I think she will just spin the comments to "prove" her paradigm, and when the contrary biological proof actually arises she will say that it is merely one part of her BPS trinity, and thank Freud that she is there to help with the heavy lifting of the most important 2/3 of her trinity.

But, I can hope that she is capable of rational evaluation and has a concience.

Hey, the whole crew could still make a living off of treating the PTSD that their cruel and twisted "false health beliefs" inflicted upon the 18%.
 

JamBob

Senior Member
Messages
191
This (from twitter) is an example of the kind of thing she was saying in the talk, which happened this morning:

"Risk factors for MUS incl. childhood trauma, perfectionism, acquired autonomic nervous system changes due to long-standing stress #sapcasm"

Really annoying as it just presents a false view.

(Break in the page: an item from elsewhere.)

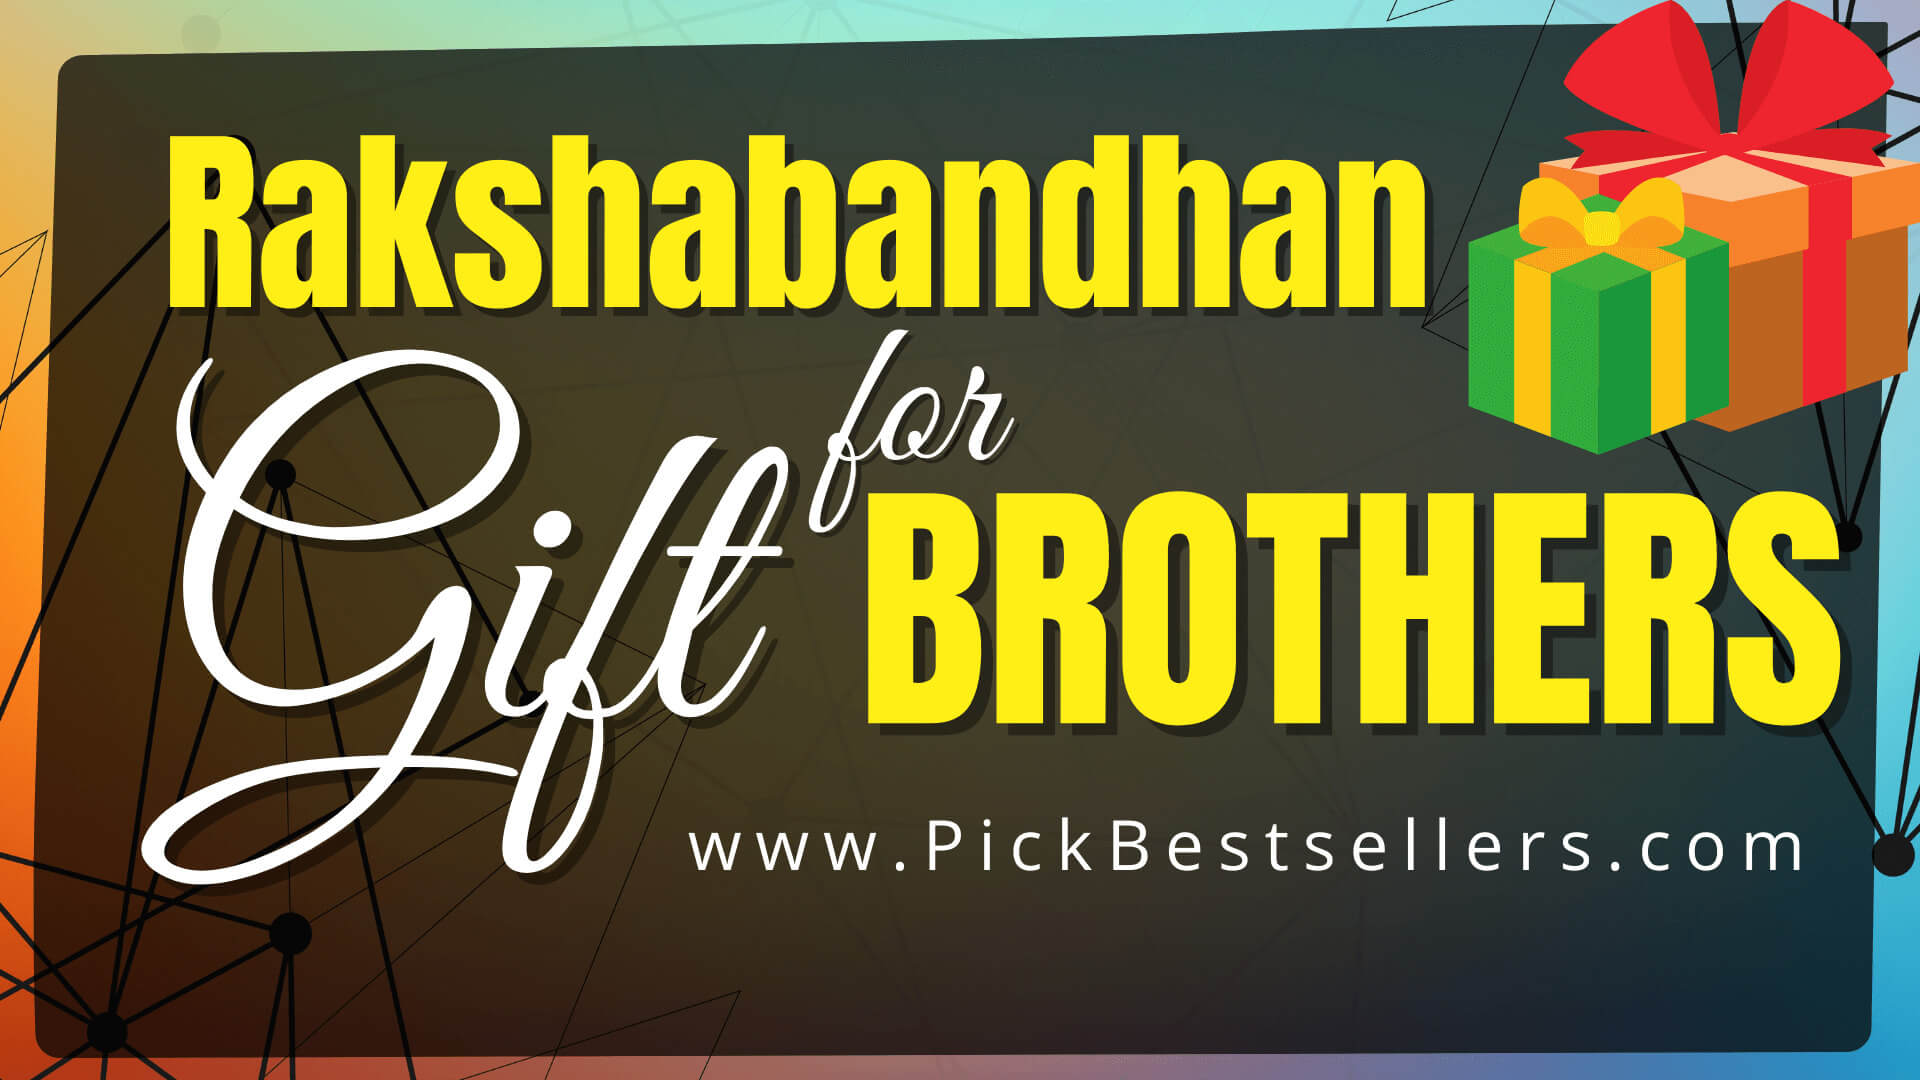 Rakshabandhan Gifts for Brothers

What evidence does she have to say that the autonomic nervous system changes are due to stress rather than say autoimmunity?

From the twitter response - the GPs are all lapping it up uncritically.
 

jimells

Senior Member
Messages
2,009
Location
northern Maine
They are practiced self-deluders and completely arrogant in their belief that they know better than everyone else and logic does not have to apply to their belief system.

Hmmm, sounds like the very definition of religious fundamentalism. A former insane asylum would be the perfect location for their monastery, where they can practice their religion in peace.